Structure. Flagellates have flagella that serve as organelles of movement and contribute to the capture of food. There may be one, two or many. The movement of the flagellum in the surrounding water causes a whirlpool, due to which small particles suspended in water are carried away to the base of the flagellum, where there is a small opening - a cellular mouth leading to a deep canal-pharynx.
Almost all flagellates are covered with a dense elastic membrane, which, along with the developed elements of the cytoskeleton, determines the permanent shape of the body.
genetic apparatus in most flagellates, it is represented by a single nucleus, but there are also binuclear (for example, Giardia) and multinuclear (for example, opal) species.
Cytoplasm it is clearly divided into a thin outer layer - a transparent ectoplasm and a deeper lying endoplasm.
Nutrition method. According to the method of feeding, flagellates are divided into three groups. Autotrophic organisms, as an exception in the animal kingdom, synthesize organic substances (carbohydrates) from carbon dioxide and water with the help of chlorophyll and the energy of solar radiation. Chlorophyll is found in chromatophores similar in organization to plant plastids. Many flagellates with a vegetable type of nutrition have special apparatuses that perceive light stimuli - stigmas.
Heterotrophic organisms (trypanosoma - the causative agent of sleeping sickness) do not have chlorophyll and therefore cannot synthesize carbohydrates from inorganic substances. Mixotrophic organisms are capable of photosynthesis, but also feed on minerals and organic matter created by other organisms (euglena green).
Osmoregulatory and partly excretory functions are carried out in flagellates, as in sarcodes, by contractile vacuoles, which are present in free-living freshwater forms.
Reproduction. Flagellates have sexual and asexual reproduction. The usual form of asexual reproduction is longitudinal fission.
Habitat. Flagellates are widely distributed in fresh water bodies, especially small and polluted with organic residues, as well as in the seas. Many species parasitize various animals and humans and thus cause great harm (tryponosomes, intestinal parasites, etc.).

The common features of the organization of protozoa are the following:

Most protozoa are unicellular, rarely colonial organisms. Their unicellular body has the functions of an integral organism, which are performed by general-purpose organelles (nucleus, endoplasmic reticulum, Golgi complex, lysosomes, mitochondria, ribosomes, etc.) and special (digestive and contractile vacuoles, flagella, cilia, etc.). Coordinated functioning, they provide a single cell with the possibility of existence as an independent organism.

Integuments of protozoa are presented either only plasma membrane, or also a dense, rather flexible and elastic shell - pellicle giving them a relative constancy of the shape of the body. Two layers are clearly distinguished in the cytoplasm: superficial, denser - ectoplasm, and internal, more liquid and granular - endoplasm, in which the organelles of the protozoan are located. Due to the colloidal properties of the cytoplasm, these two layers can mutually pass into each other.

Organelles of movement of most species - pseudopods, flagella or numerous short eyelashes.

Freshwater unicellular organisms have 1 -2 contractile vacuoles, whose main function is to maintaining a constant osmotic pressure, carried out for

Irritability at protozoa manifests itself in the form taxis.

Most protozoa have the ability to tolerate unfavourable conditions in a state of resting stage - cysts. In this case, the cell is rounded, draws in or discards the organelles of movement and is covered with a dense protective shell. The cyst stage enables the protozoan not only to survive adverse conditions in an inactive state, but also to settle. Once in favorable conditions, the protozoan leaves the cyst shell and begins to feed and multiply.

The protozoa are subdivided into classes: rhizopods, flagellates, ciliates, spores.

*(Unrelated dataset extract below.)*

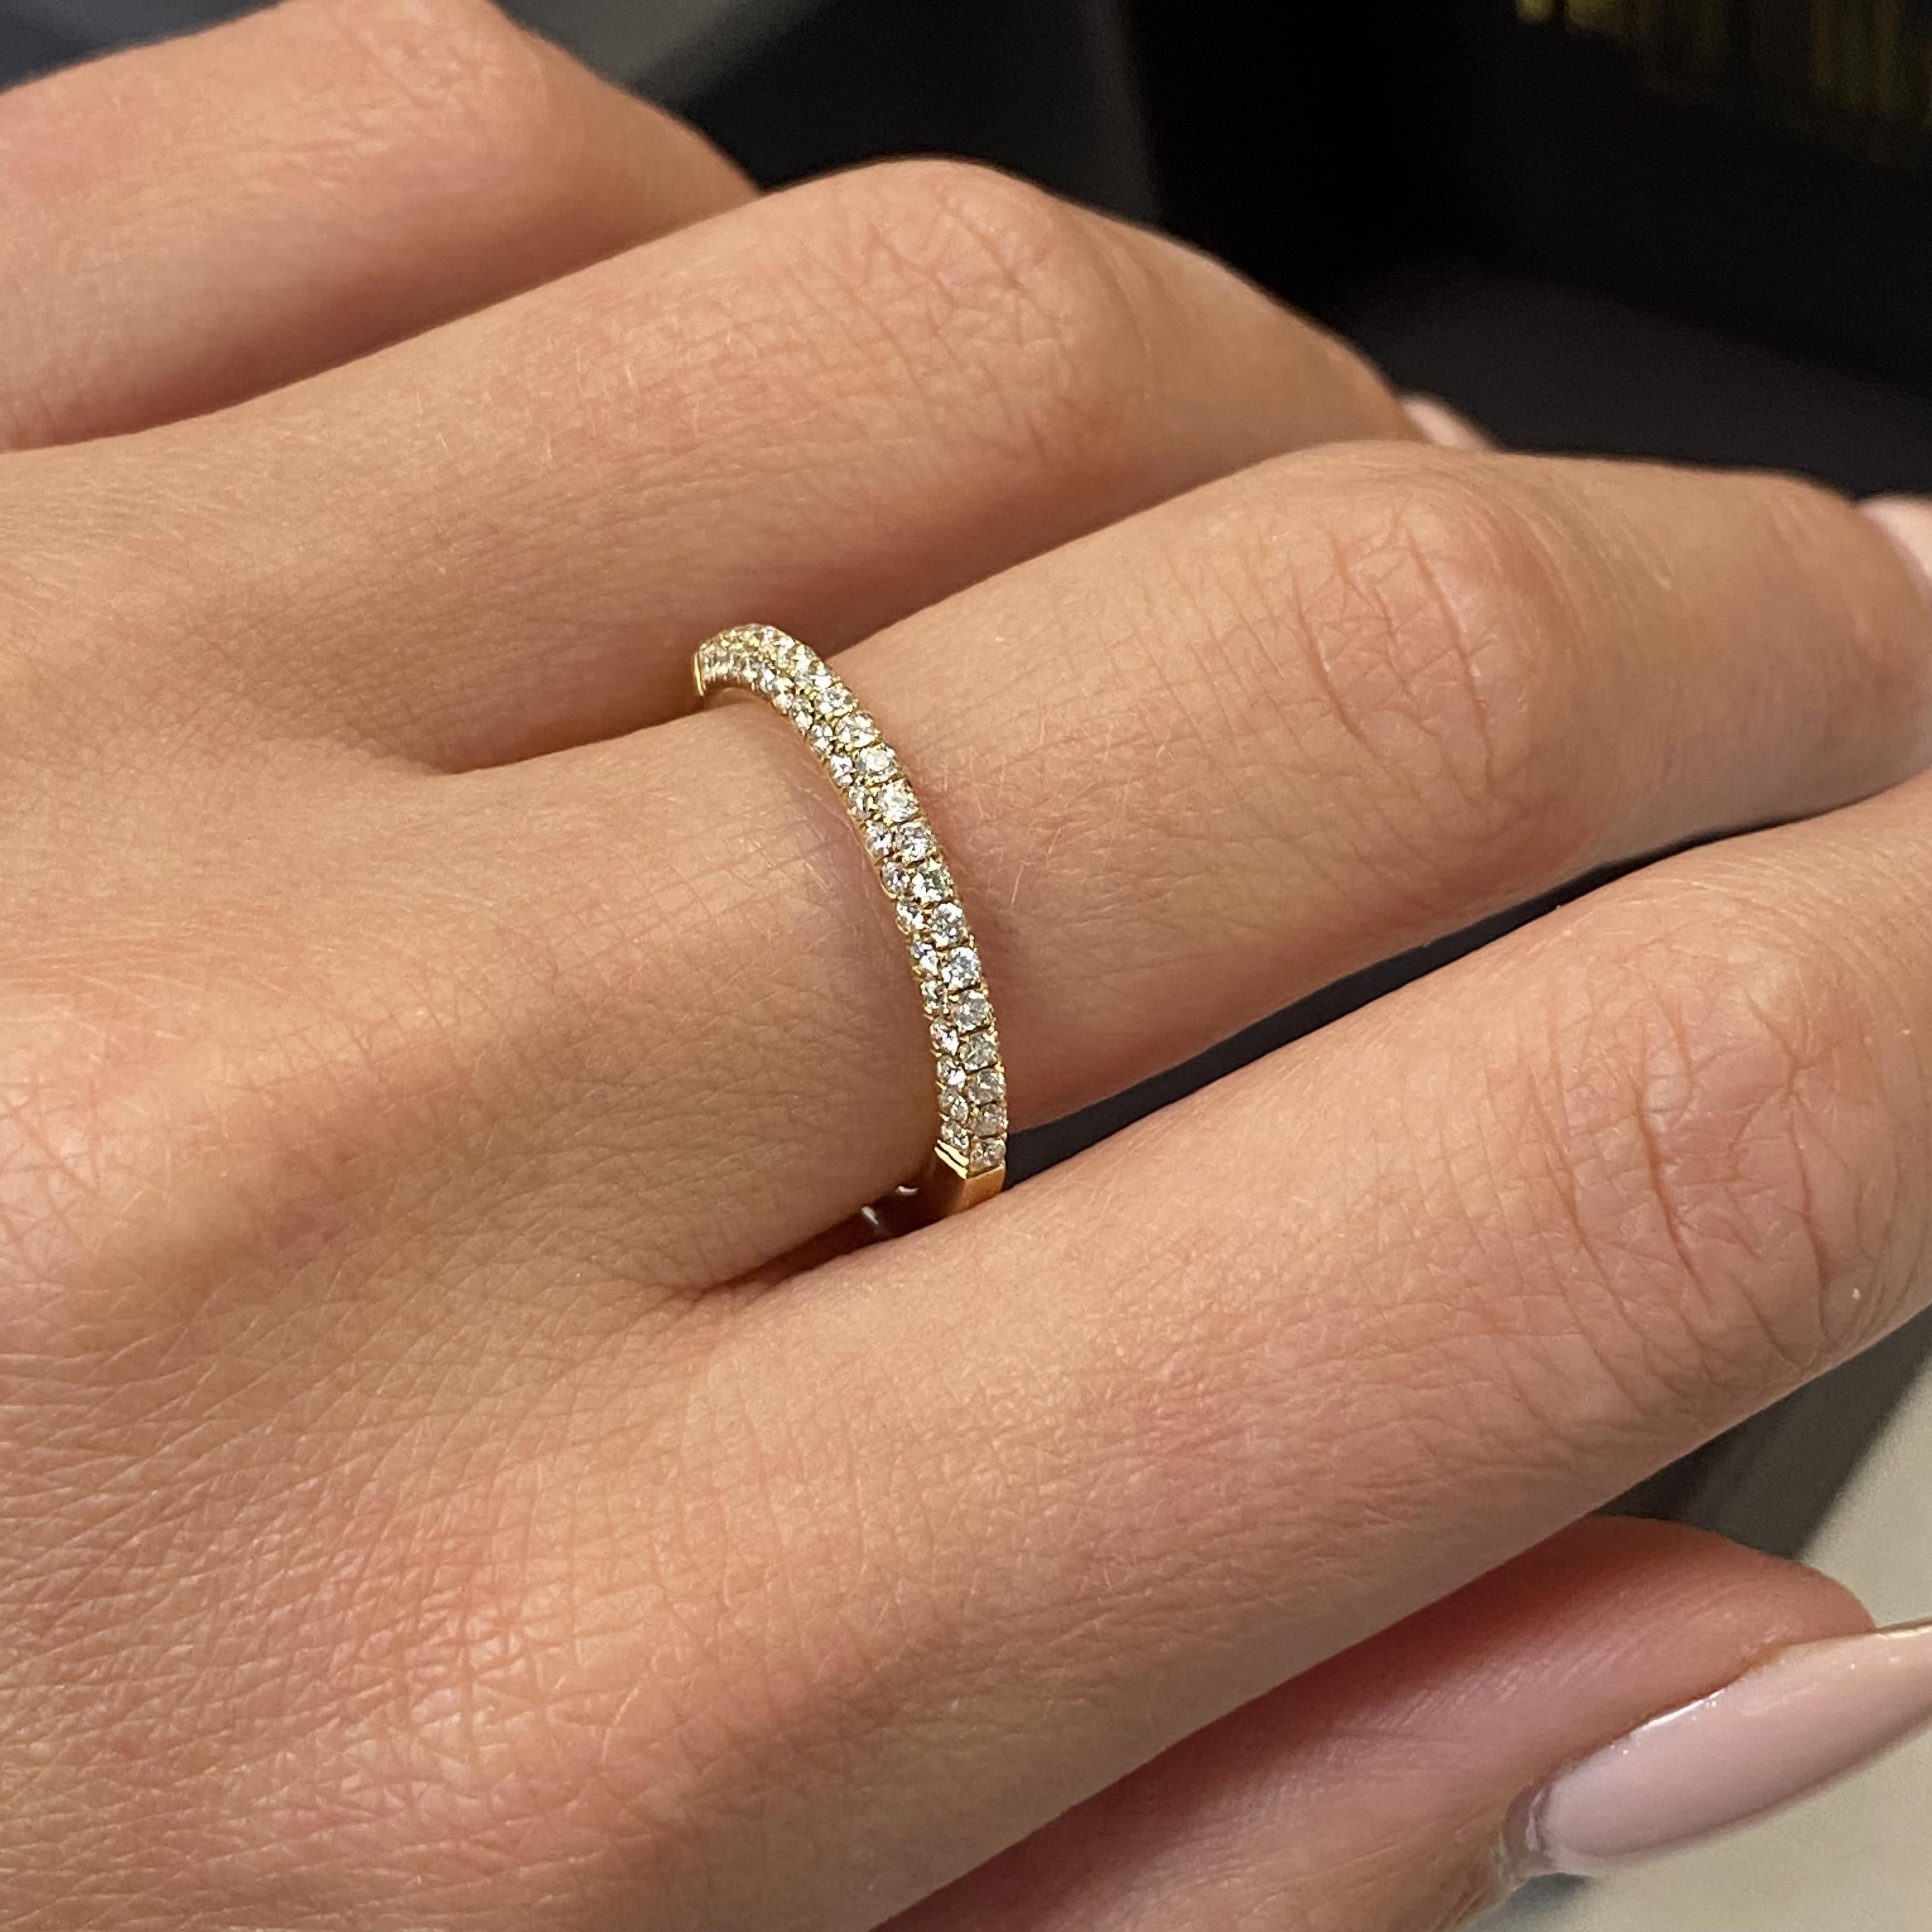 Piero Milano Natural Pave Diamond Wedding Band 18k Yellow Gold 0.44cttw In New Condition For Sale In New York, NY

Evolution of unicellular, plant and animal world

Evolution of unicellular organisms

Until the 1950s, it was not possible to detect traces of Precambrian life at the level of single-celled organisms, since the microscopic remains of these creatures cannot be detected by conventional paleontological methods. An important role in their discovery was played by a discovery made at the beginning of the 20th century. C. Walcott. In the Precambrian deposits in the west of North America, he found layered limestone formations in the form of pillars, later called stromatolites. In 1954, it was found that the stromatolites of the Gunflint Formation (Canada) were formed by the remains of bacteria and blue-green algae. Off the coast of Australia, living stromatolites have also been found, consisting of the same organisms and very similar to fossil Precambrian stromatolites. To date, the remains of microorganisms have been found in dozens of stromatolites, as well as in shales of sea coasts.

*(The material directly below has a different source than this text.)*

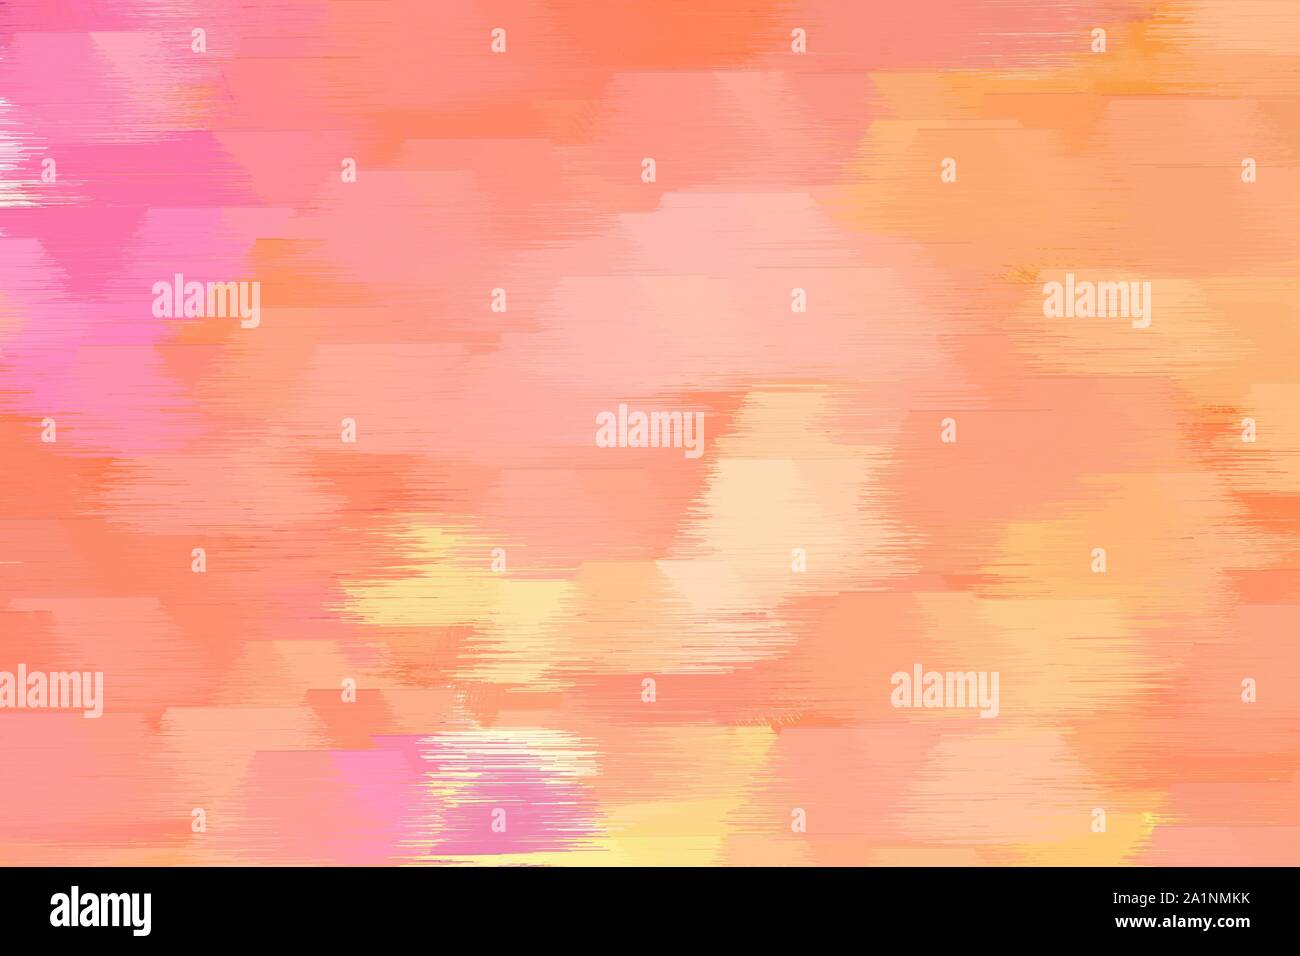 light salmon, pastel magenta and skin colored artwork wallpaper. can be  used as texture, graphic element or background Stock Photo - Alamy

The earliest of bacteria (prokaryotes) already existed about 3.5 billion years ago. To date, two families of bacteria have survived: ancient, or archeobacteria (halophilic, methane, thermophilic), and eubacteria (all the rest). Thus, the only living beings on Earth for 3 billion years were primitive microorganisms. Perhaps they were single-celled creatures similar to modern bacteria, such as Clostridium, living on the basis of fermentation and the use of energy-rich organic compounds that arise abiogenically under the influence of electrical discharges and ultraviolet rays. Consequently, in this era, living beings were consumers of organic substances, not their producers.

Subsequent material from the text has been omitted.